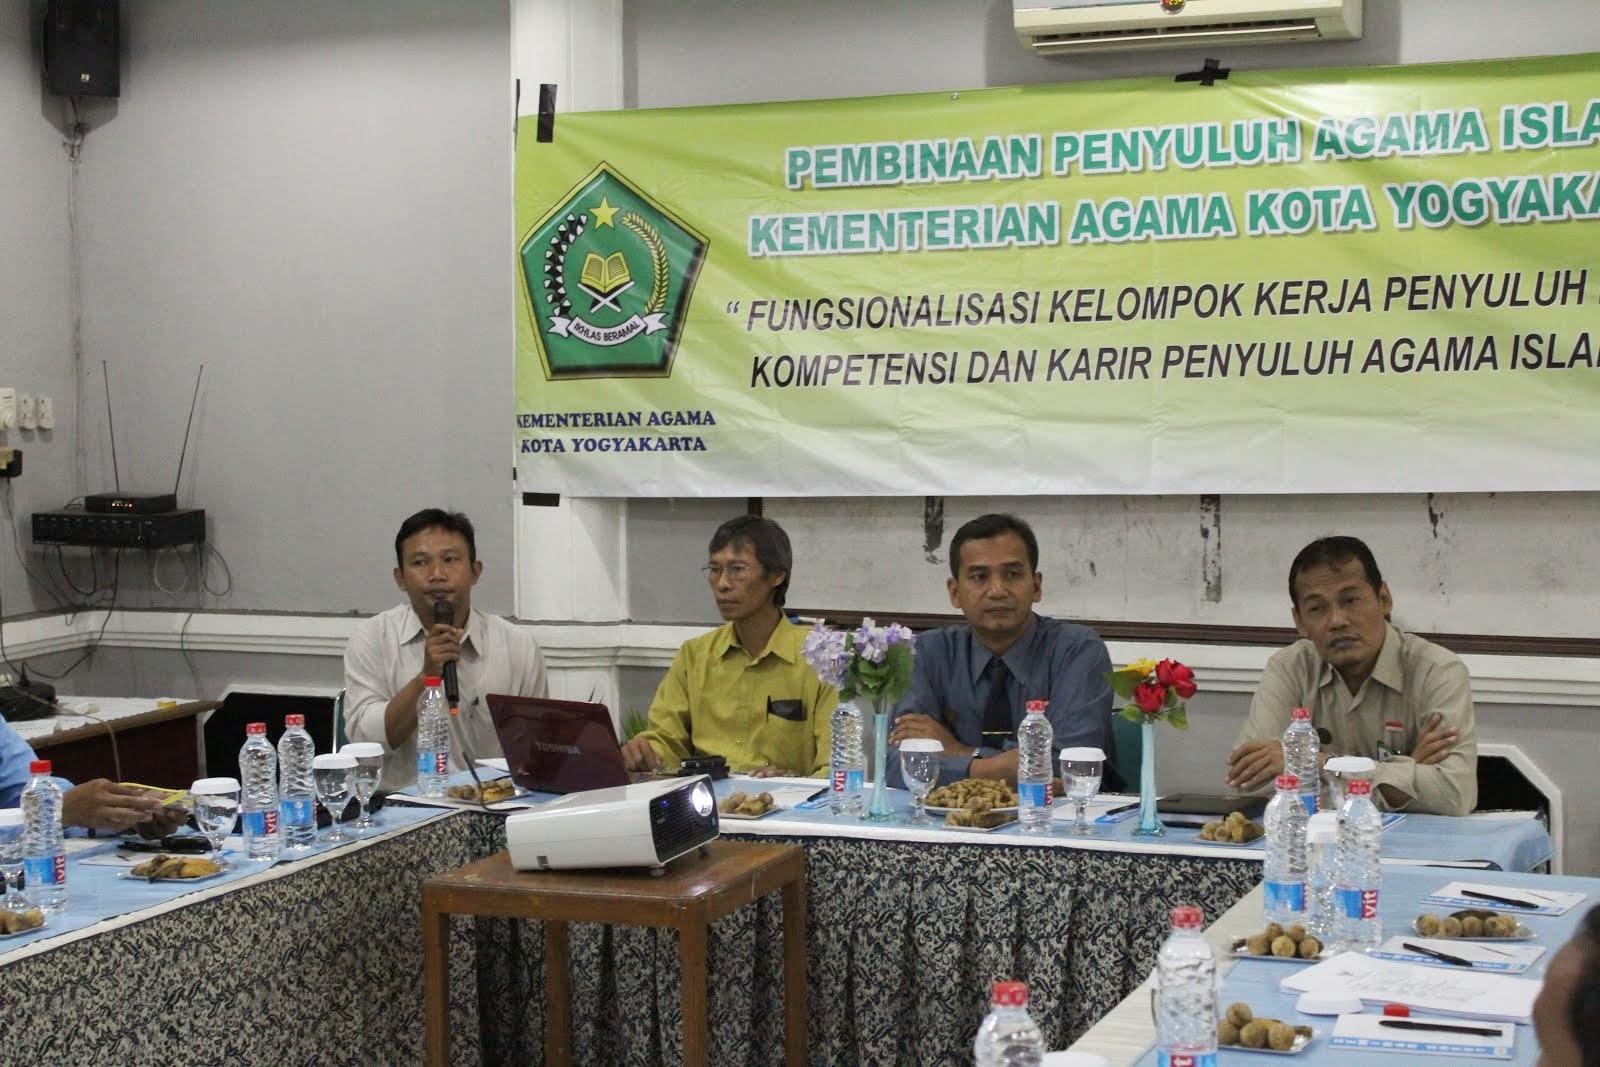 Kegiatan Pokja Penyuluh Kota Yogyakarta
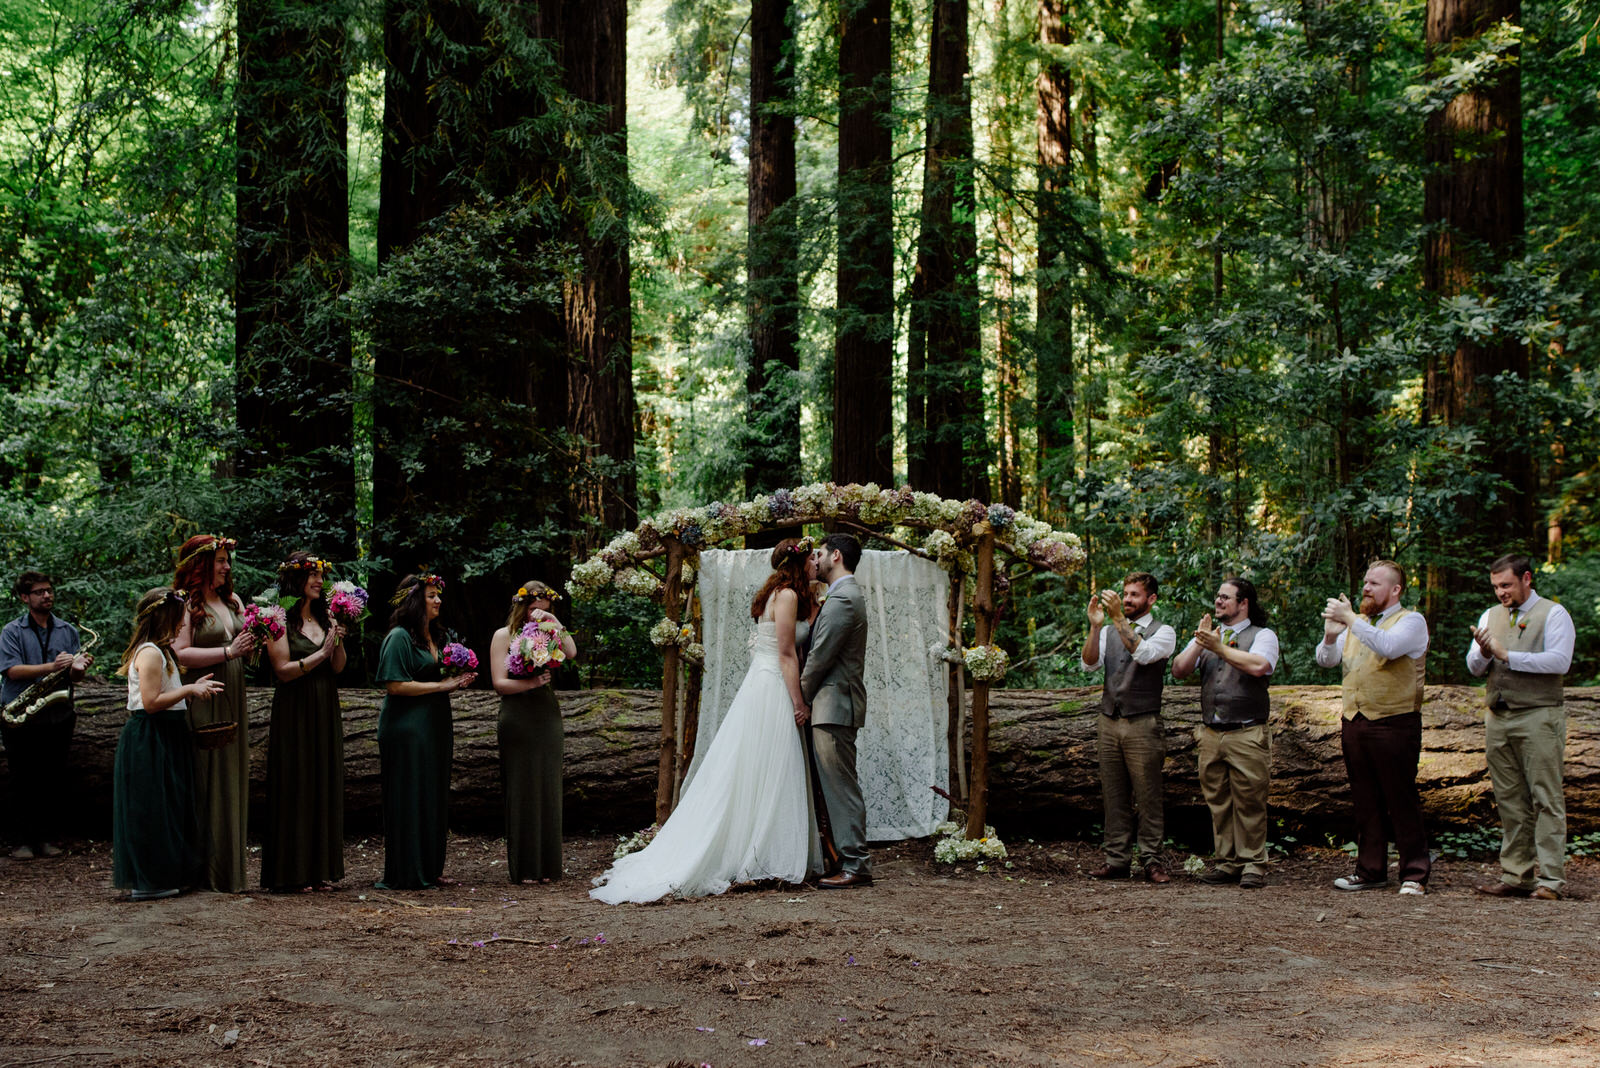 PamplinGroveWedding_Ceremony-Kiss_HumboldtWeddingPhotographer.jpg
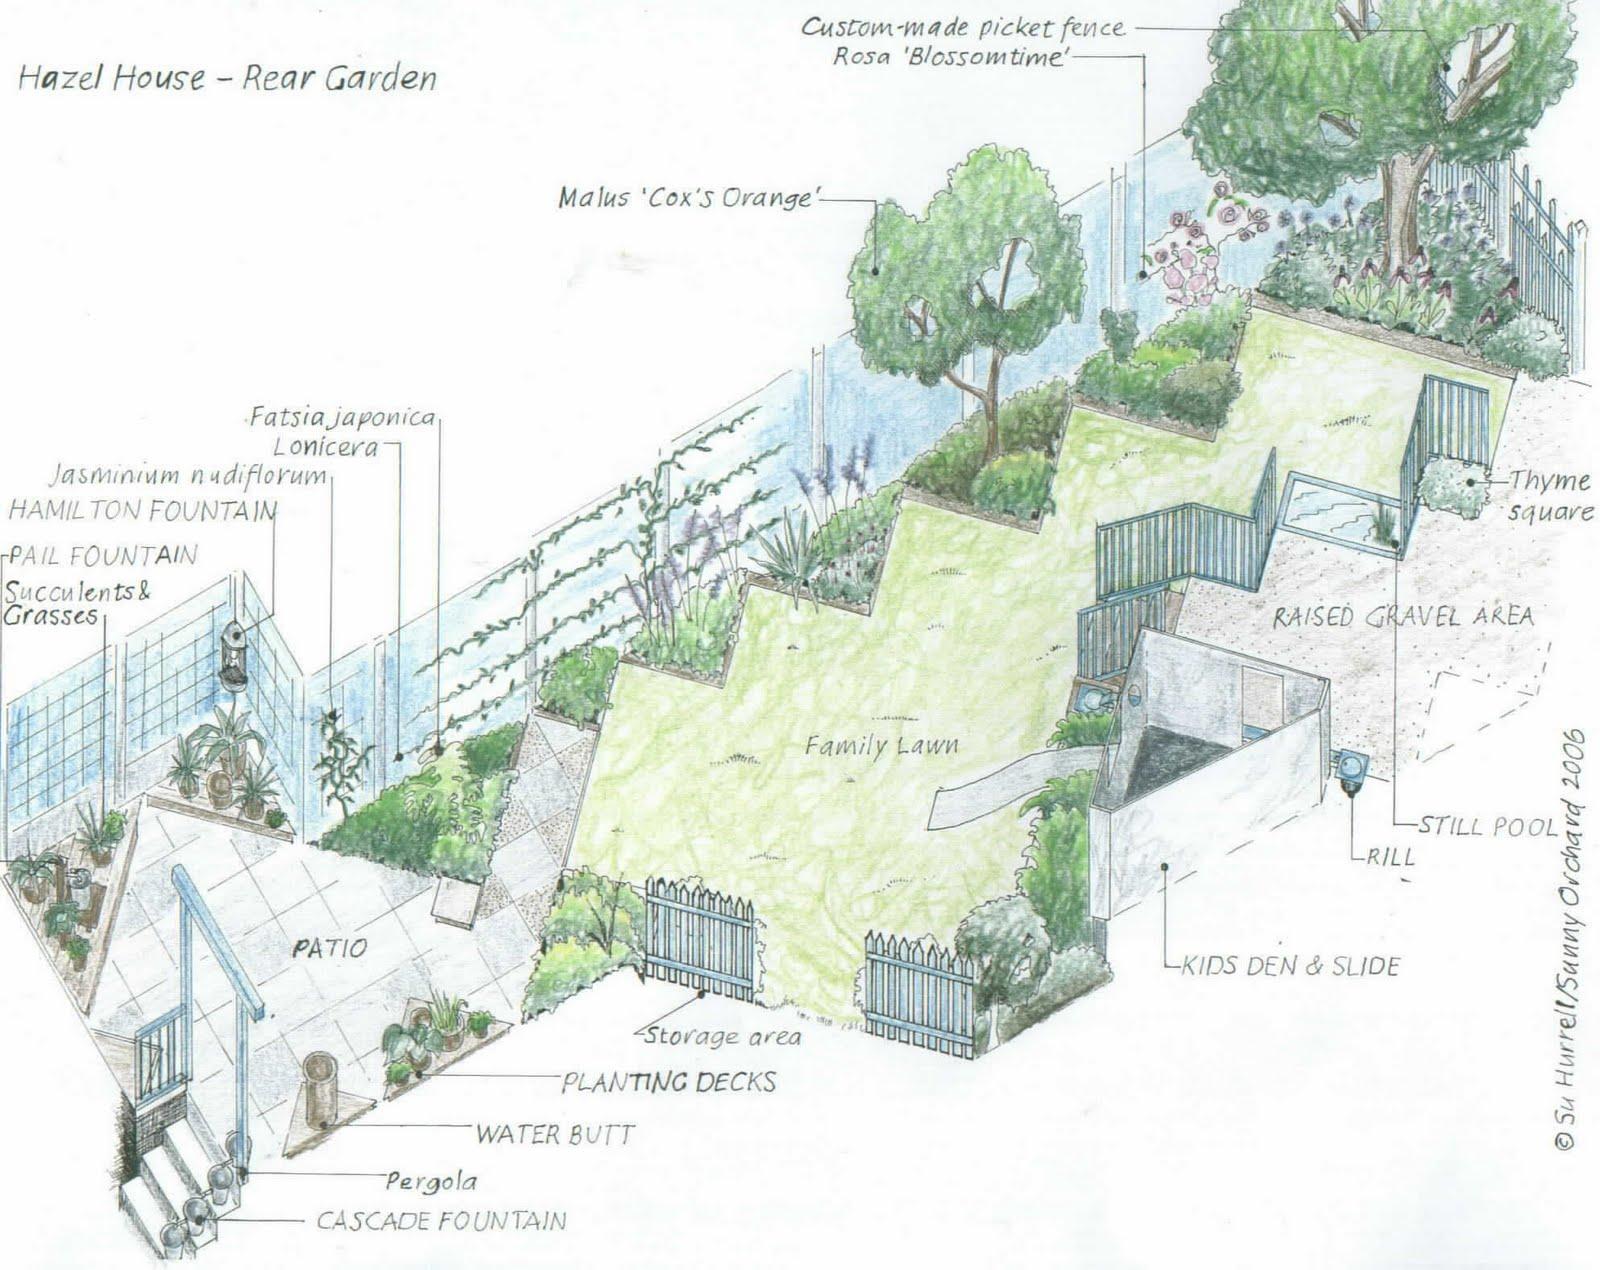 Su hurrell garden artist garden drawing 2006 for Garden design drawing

----

Assignment:
If the data includes images, skip them and copy every line exactly.

Written response:
 Kegiatan Pokja Penyuluh Kota Yogyakarta
 PamplinGroveWedding_Ceremony-Kiss_HumboldtWeddingPhotographer.jpg
 Su hurrell garden artist garden drawing 2006 for Garden design drawing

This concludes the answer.